«Сердечное, горячее спасибо за Вашу чудесную книгу! И тем особенно ценна она, что вся-то она, по мыслям и в особенности по чувствам, читающему (русскому, конечно, православному, конечно!) уже знакомая, своя, родная: ничего в ней выдуманного, “сочиненного” нету! ее не “писатель” “сочинил”, а душа великого народа творчески создала, в жизнь воплотила, перечувствовала, выстрадала и вымолила. Оттого в ней все – родное, русское и общее (не индивидуальное), православное, соборное, то есть братское», – сообщал Розанову московский славянофил В. А. Кожевников.
«Читаю принесенную мне С. А. Цветковым Вашу последнюю книгу – о войне. Не нахожу слов, чтобы выразить Вам свою радость по поводу ее. Скажу одно: Да воздаст Вам Господь за труд сей», – заключил не кто-нибудь, а сам авва Михаил Новоселов, доселе (а также далее) высказывавшийся о В. В. резко отрицательно.
Раскритиковал ее, и очень жестко, причем даже не саму книгу, а ее создателя, Николай Бердяев, и на бердяевской рецензии есть смысл остановиться подробнее, ибо известный философ-персоналист сформулировал в статье «О вечно-бабьем в русской душе» очень важные для понимания своего коллеги и страны, в которой они живут, вещи.

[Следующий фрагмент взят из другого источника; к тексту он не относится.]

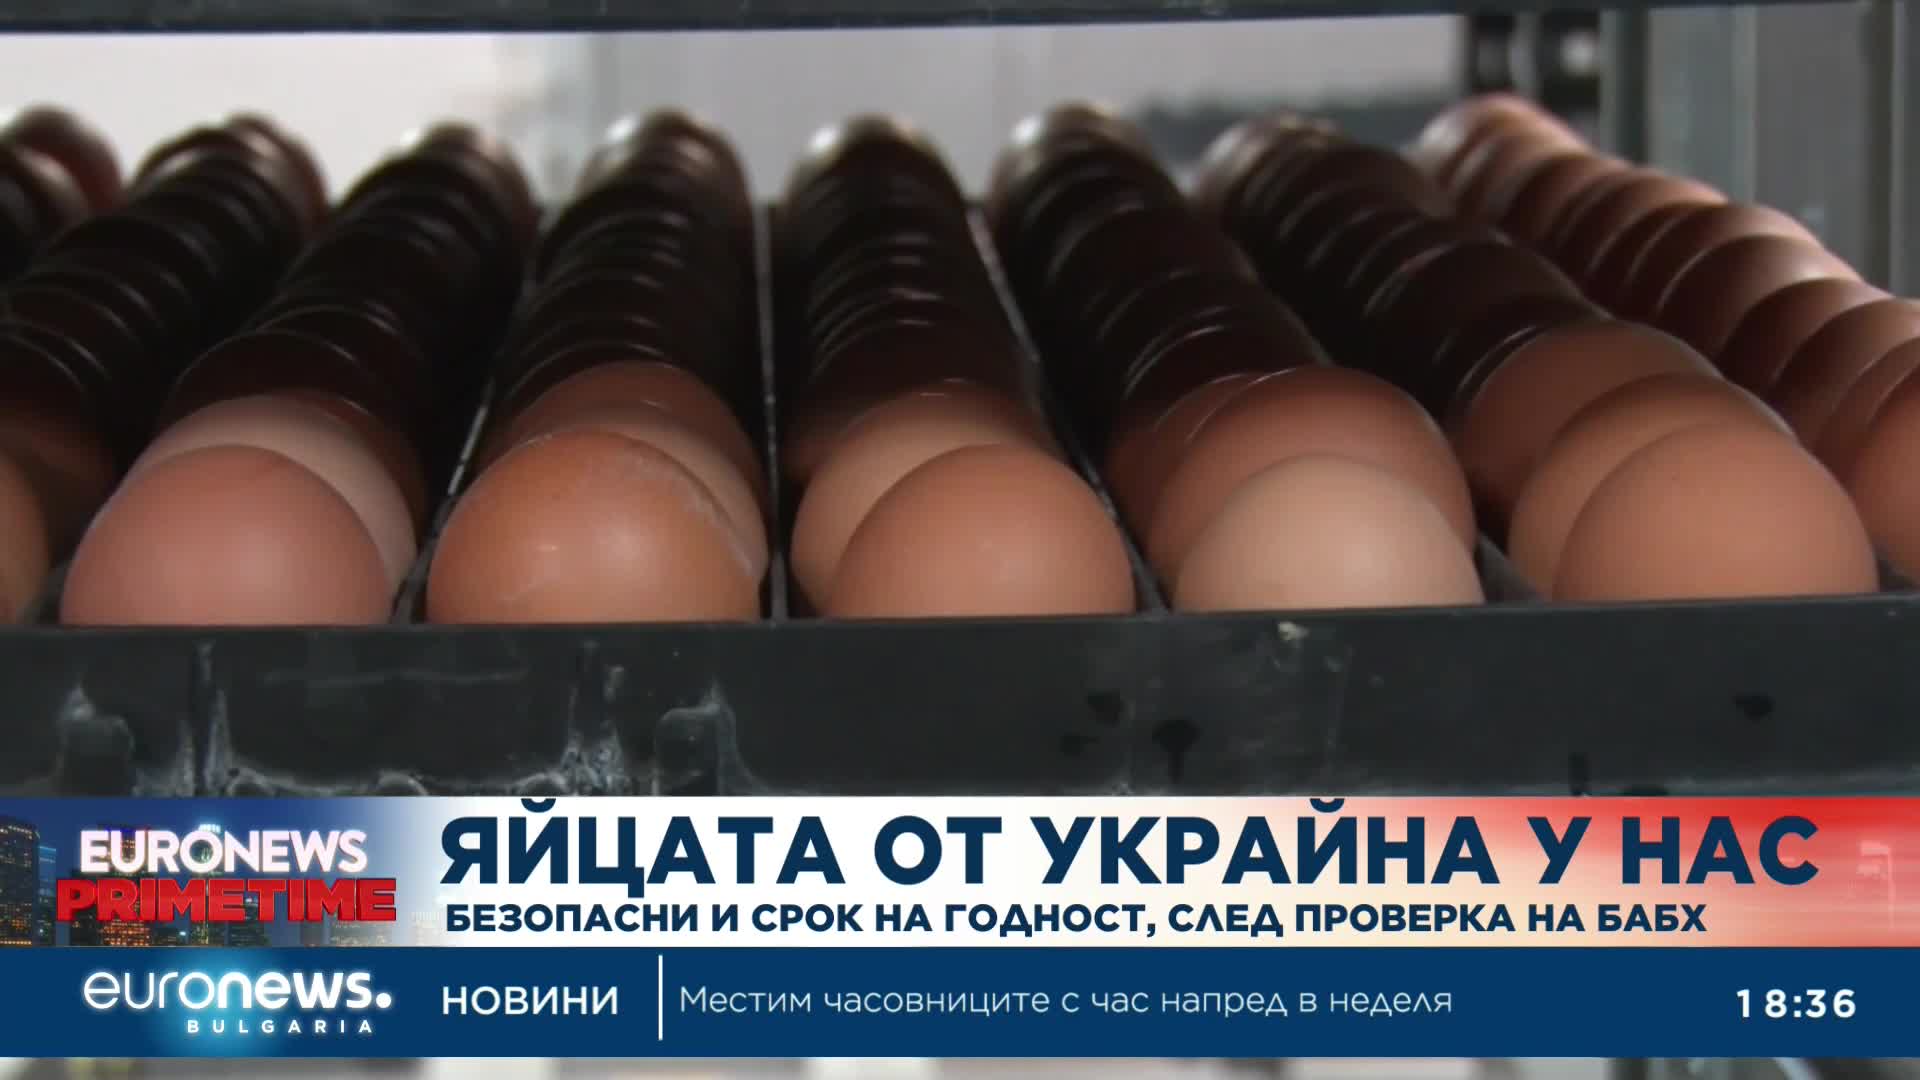 Украинските яйца са безопасни, установи проверка на БАБХ

Но прежде – еще о детях Розанова.
Судьба девушки
Горше всех домашние нестроения тех грустных лет переживала старшая дочь Василия Васильевича Татьяна. «Таня… измученная и чуть не накануне самоубийства (что очень могло бы с ней случиться и против чего не была возможна никакая борьба, ибо она отчаялась в жизни, в людях, в дальнейшем своего “я” и особенно в родителях), – писал Розанов даже не самому отцу Павлу, но его жене Анне Михайловне, рассчитывая на женское понимание. – Сама по себе она чудный ребенок с безгранично доверчивой душой, и нежной, внимательной и чуткой. Дома случилось расстройство, о котором Вы, вероятно, знаете от о. Павла, и бедное ее сердишко попало в щель этого расстройства и тем раздавила это сердце. Такое горе было».

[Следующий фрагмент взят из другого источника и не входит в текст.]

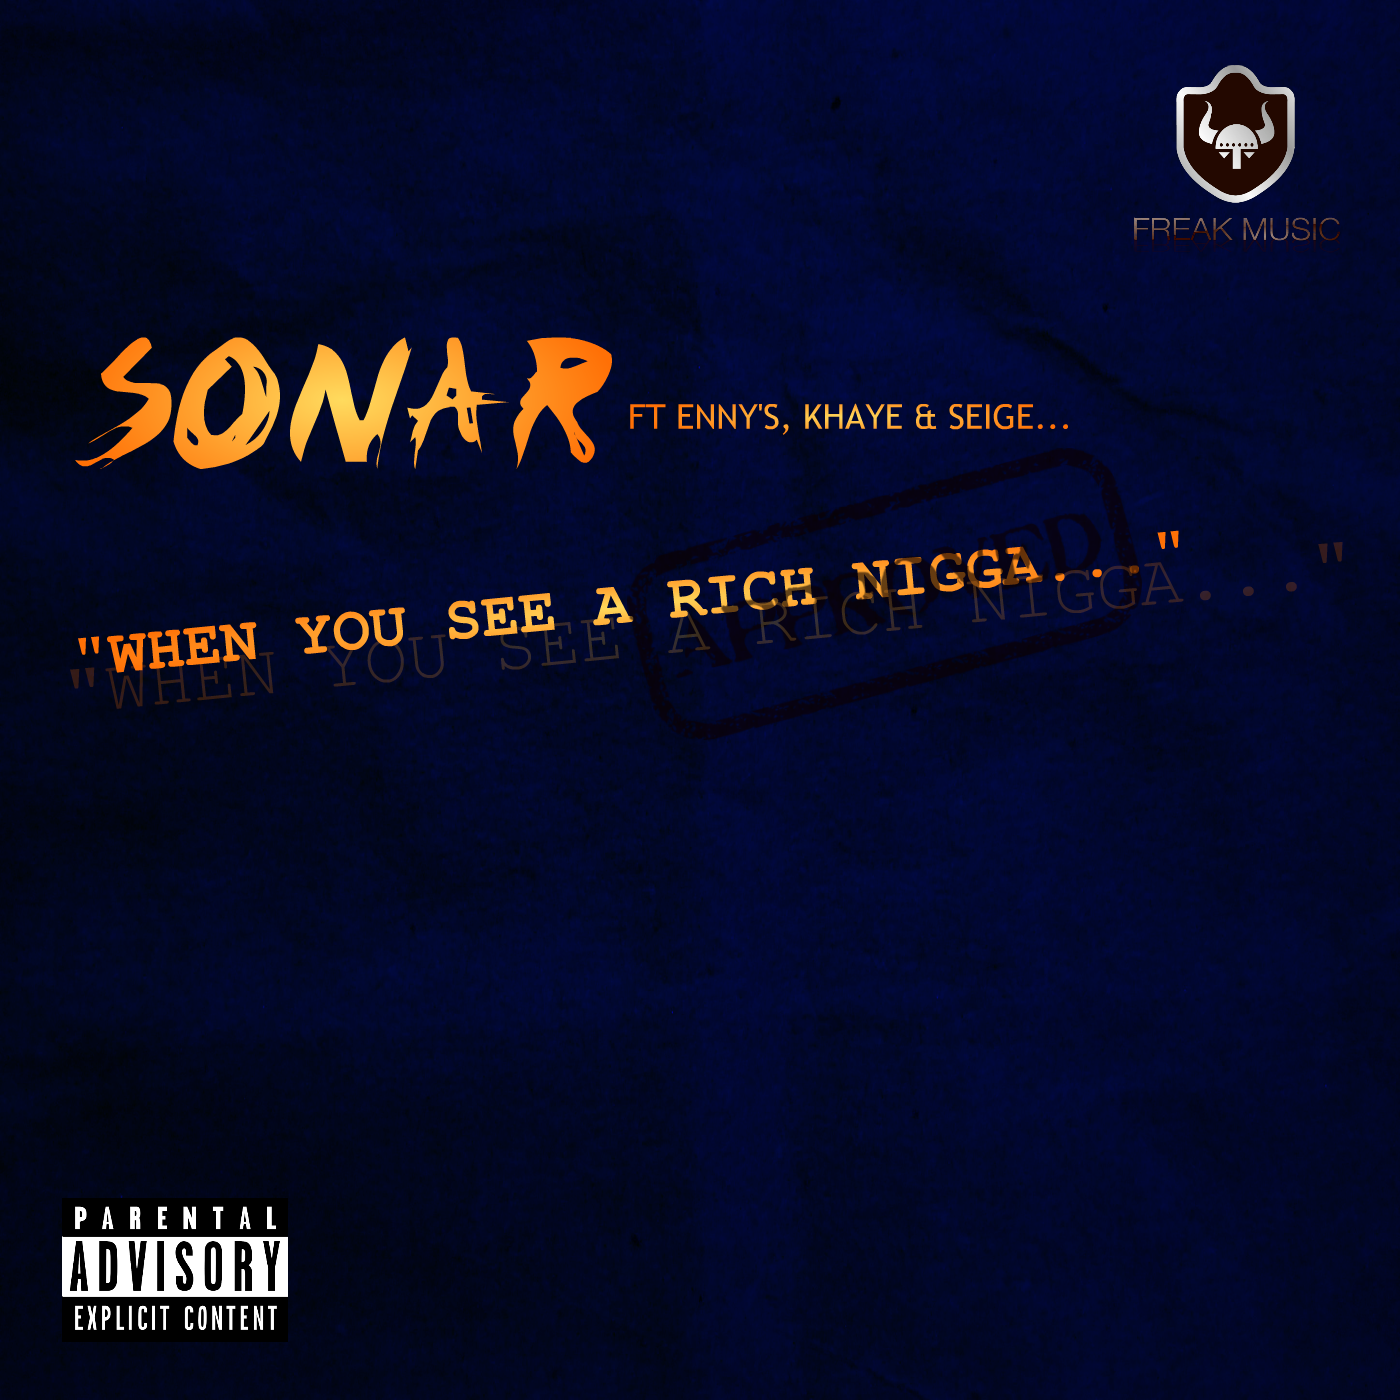 RICH NIGGA PNG - New Music!! Sonar - When you see a rich nigga

Это была та самая Татьяна, с кем заходил Василий Васильевич много лет назад во Введенскую церковь на петербургской, глухой, далекой стороне и ощущал себя в этом храме изгоем, та самая девочка, вторая после умершей в младенчестве Нади его дочка, за жизнь которой он так боялся в ее ранние годы, да и позднее тоже. Она была вскормлена, напоена этим отцовским животным страхом, и можно предположить, что и сама Татьяна Васильевна, «мечтательная и мрачная», по определению своей младшей сестры, «тревожно внимавшая отцу», понимала, а что не понимала, то ощущала, догадывалась и с раннего детства запоминала, вбирала в себя, впитывала тайны, связанные с ее семьей и с проклятьем, которое над ней тяготело. У нее был иной «роман взросления», нежели у ее сводной сестры Александры, но тоже очень непростой и по-своему очень горький. Надежда Васильевна Розанова недаром позднее писала в своих чудесных мемуарах о Татьяне Васильевне, противопоставляя ее другим сестрам: «Мы раздражали ее своей живостью, а она докучала нам своей грустью. В сущности, у нее почти не было “детства”, и мы в 16 лет прозвали ее бабушкой».

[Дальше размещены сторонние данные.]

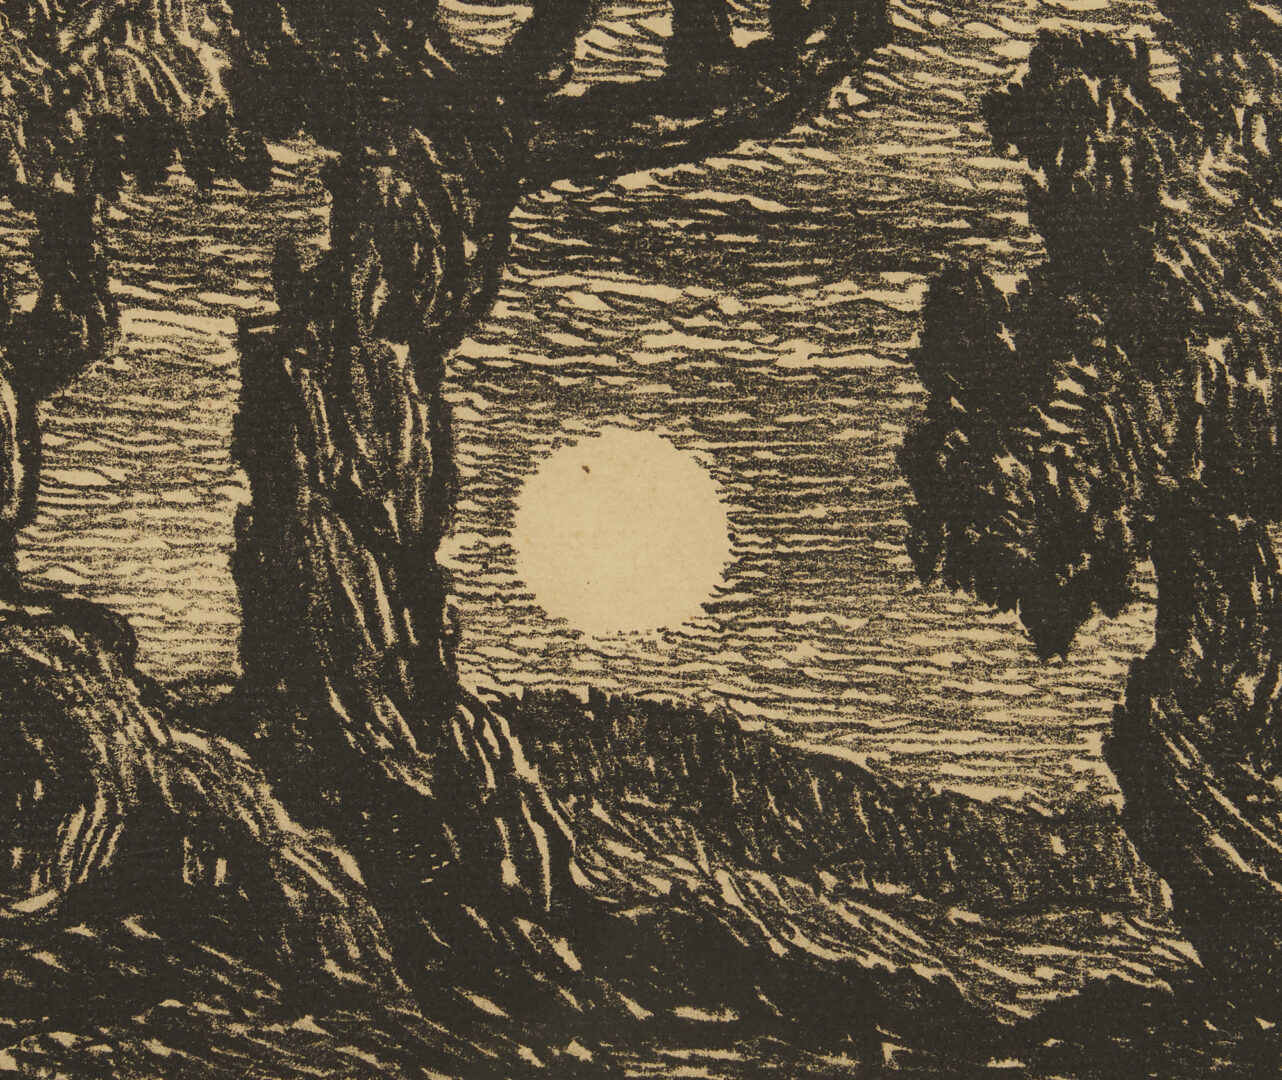 Lot 485: Birger Sandzen Lithograph, Moonrise in the Foothills, 1923

«Я была ригористична, прямолинейна, требовательна к себе, но еще более к другим. Я осуждала многих, особенно сестер за их легкомыслие, и эта черта моя делала, в сущности, меня несчастной. Родители мои любили и жалели меня, а сестры меня недолюбливали и боялись, – признавала она сама. – Я росла замкнутым, нервным и не по летам серьезным ребенком».
Насчет нелюбви сестер Татьяна Васильевна, скорей всего, ошибалась, но вот в том, что касалось ее собственной замкнутости и нервозности, – нет.